In this step, all the input signals are converted into the desired RF signals without considering the type of the input signals, thereby reducing the limitation in frequency conversion and improving the effect of frequency conversion.

Preferably, the input signal is converted into a digital signal, and frequency conversion is achieved according to the processing of the digital signal, as shown in fig. 5, and the first method for processing the input signal based on the digital signal is as follows:

s401, sampling an input signal, sampling the input signal according to a certain time interval, and outputting the input signal as a discrete time signal; the certain time interval refers to the sampling frequency of a discrete time signal; the discrete-time signal should have a periodic repeating characteristic at intervals of 2pi and be point-symmetrical at a folding frequency, i.e., ω=pi, and should be converted when the sampling frequency of the discrete-time signal is at least twice the highest frequency of the input signal.

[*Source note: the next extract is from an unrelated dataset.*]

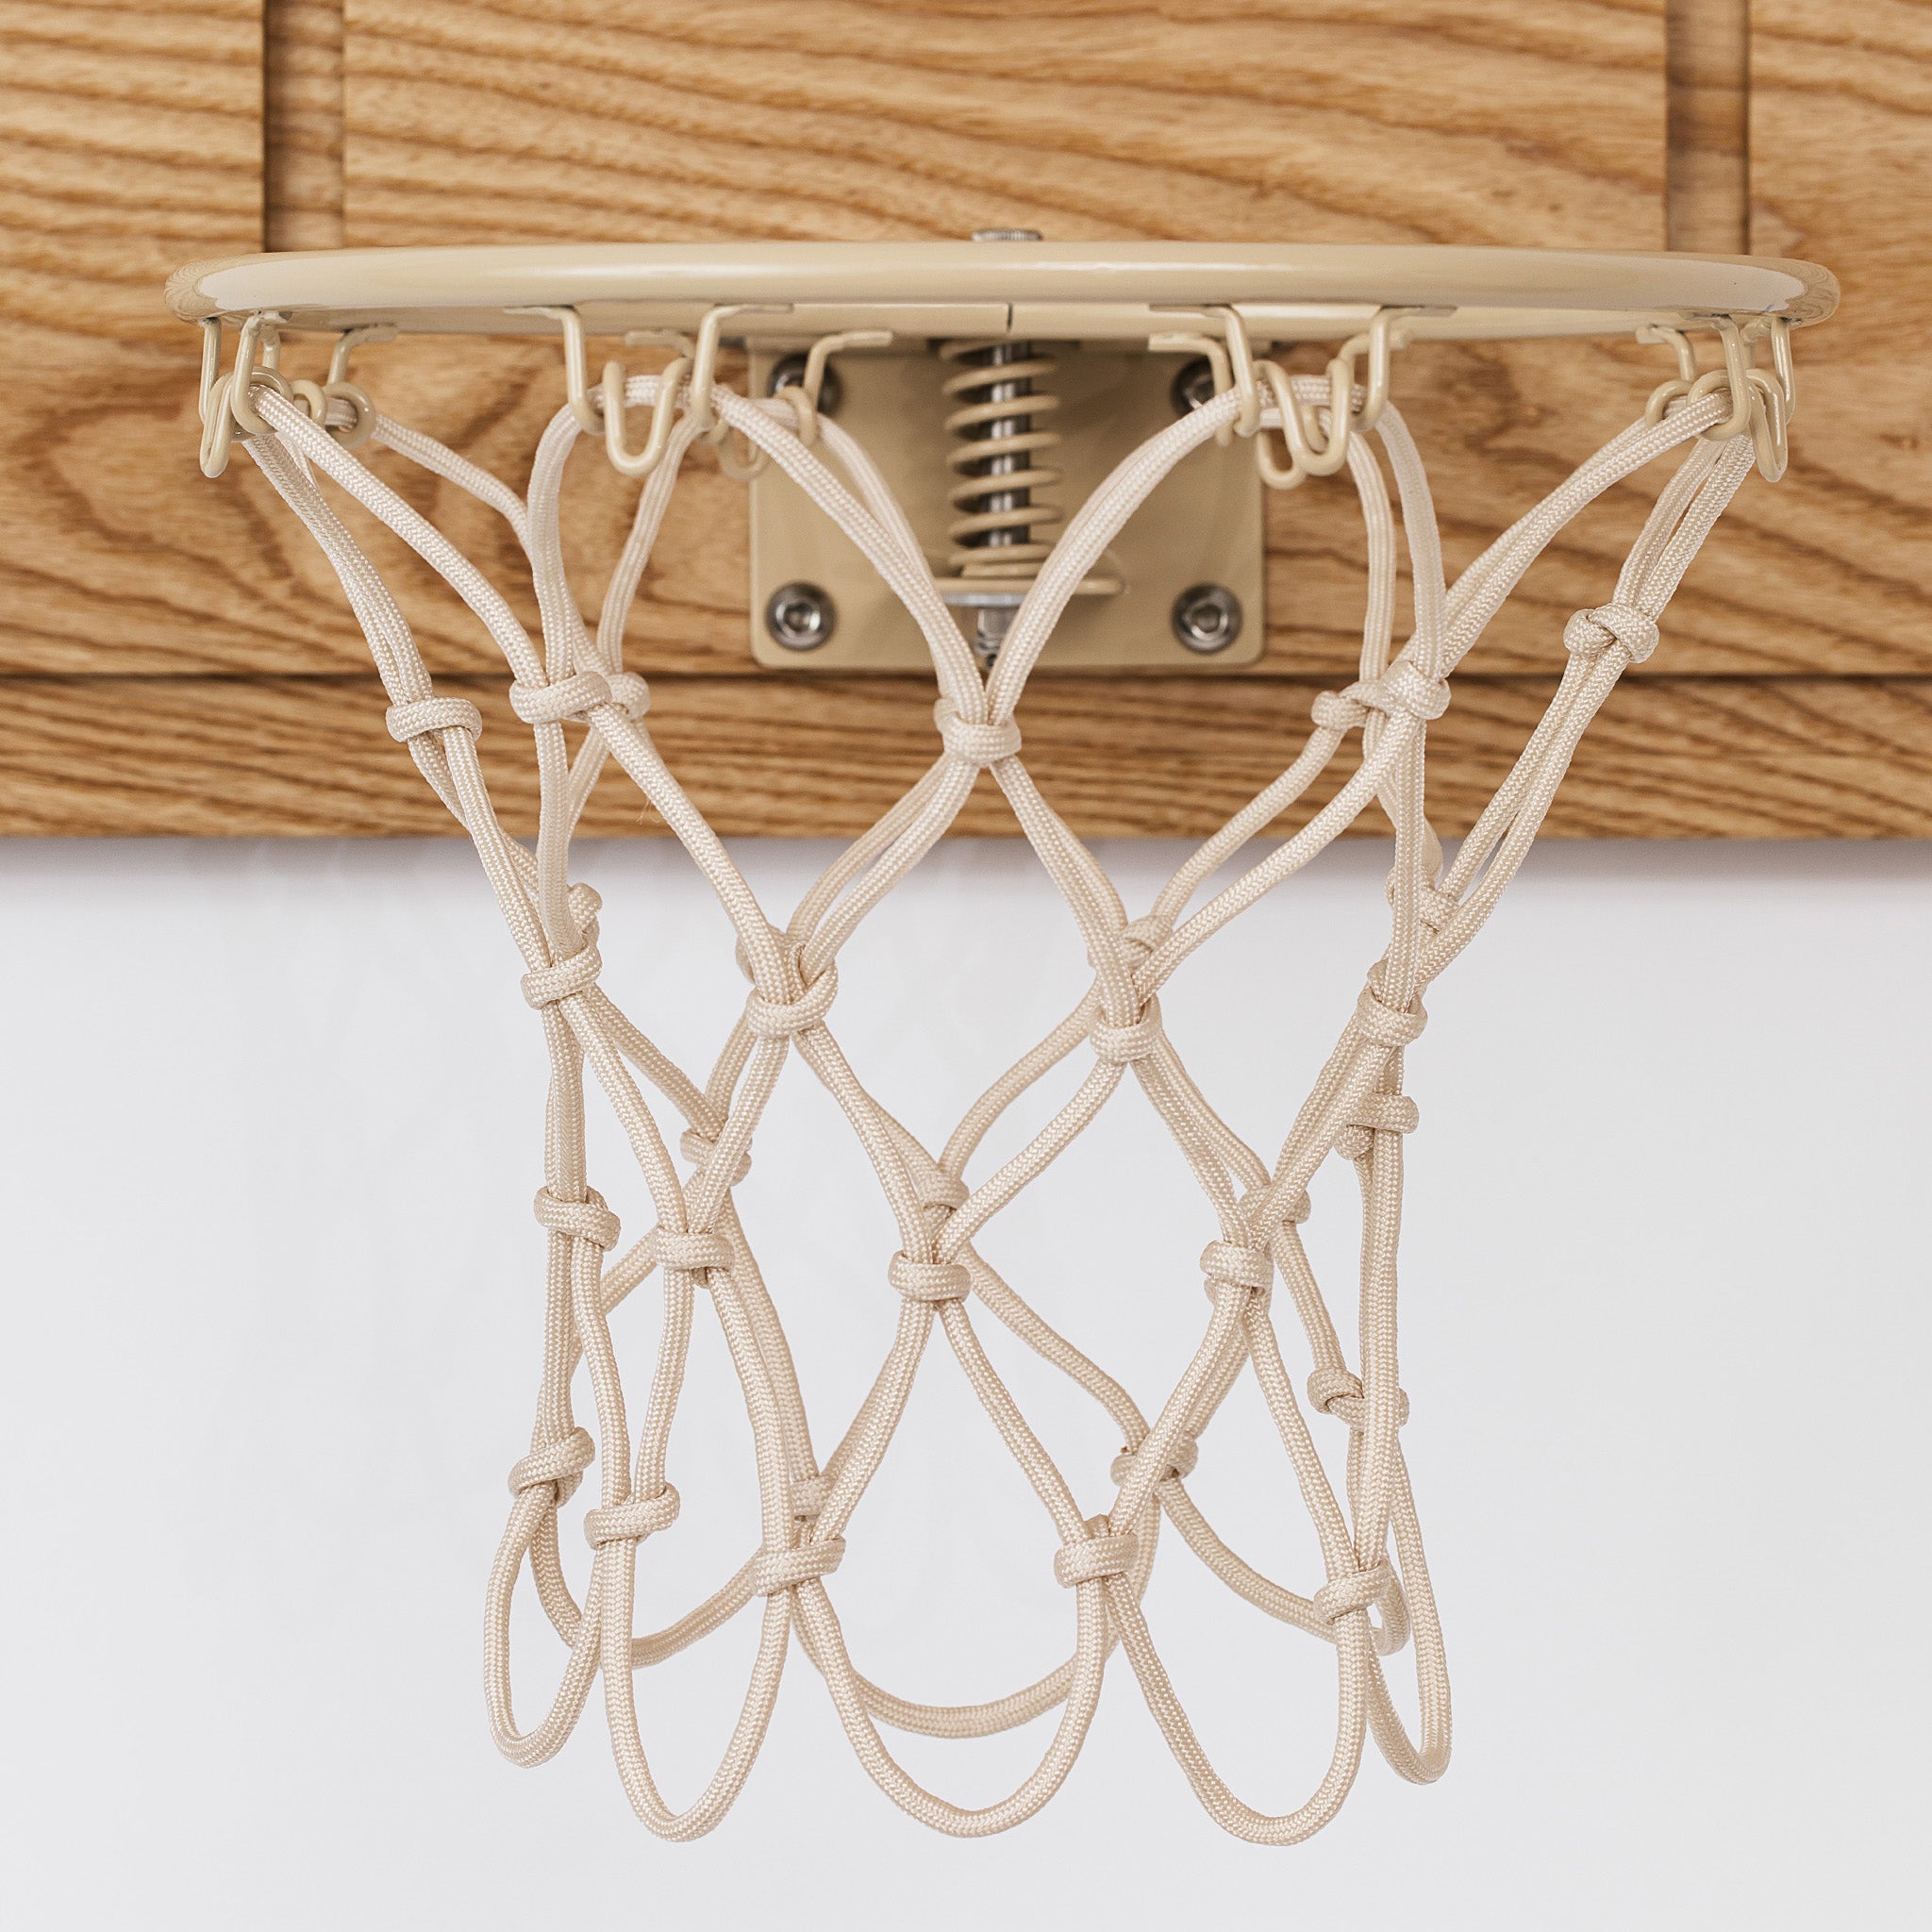 Handmade basketball net mesh on cream powder coated breakaway rim -ash

In the step, the input signal is a digital signal, and the input signal is sampled according to the set sampling frequency according to the specific digital signal processing, so as to obtain signal information corresponding to each specific time value in discrete time, thereby obtaining signals which are discrete enough and meet the processing.

S402, filtering the discrete time signals to obtain filtered discrete time signals;

the step uses a digital filter to process the discrete time signal to filter out unwanted frequency components; in the frequency domain, the digital filter performs two-dimensional filtering on the input signal with a transfer function H (z), where z is a complex variable; the input discrete time signals are accumulated or multiplied to select the output discrete time signals.

S403, determining a local oscillation signal according to the frequency range of the RF signal, and determining an output analog signal according to the discrete time signal and the local oscillation signal; the local oscillation signal is used for converting the frequency range of the discrete time signal into the frequency range of a digital signal corresponding to the RF signal;

preferably, according to the discrete time signal and the local oscillation signal, the output analog signal expression formula is as follows:

y(n) = x(n) * cos(2πf_c nT) - x(n) * sin(2πf_c nT)；

wherein y (n) is an analog signal, x (n) is a discrete time signal, f_c is the frequency of the local oscillator signal, n is a discrete time point, and T is a sampling interval. The discrete time point corresponding to n is a specific time value or time on the discrete time, T is a time interval of a set sampling frequency, and the signal range of the sampling point corresponding to the local oscillation signal frequency and the input discrete time signal can be known by subtracting a cosine function and a sine function corresponding to the discrete time signal, so that an analog signal which can be converted into an RF signal is obtained.

The above formula is only used for reference, and it should be noted that when determining the range of the analog signal according to the discrete time signal and the local oscillator signal, the frequency of the local oscillator signal needs to be adjusted according to the target range, so as to adjust the frequency range of signal conversion. And meanwhile, after the analog signal is determined, the analog signal needs to be converted into a normal communication signal from a digital signal mode.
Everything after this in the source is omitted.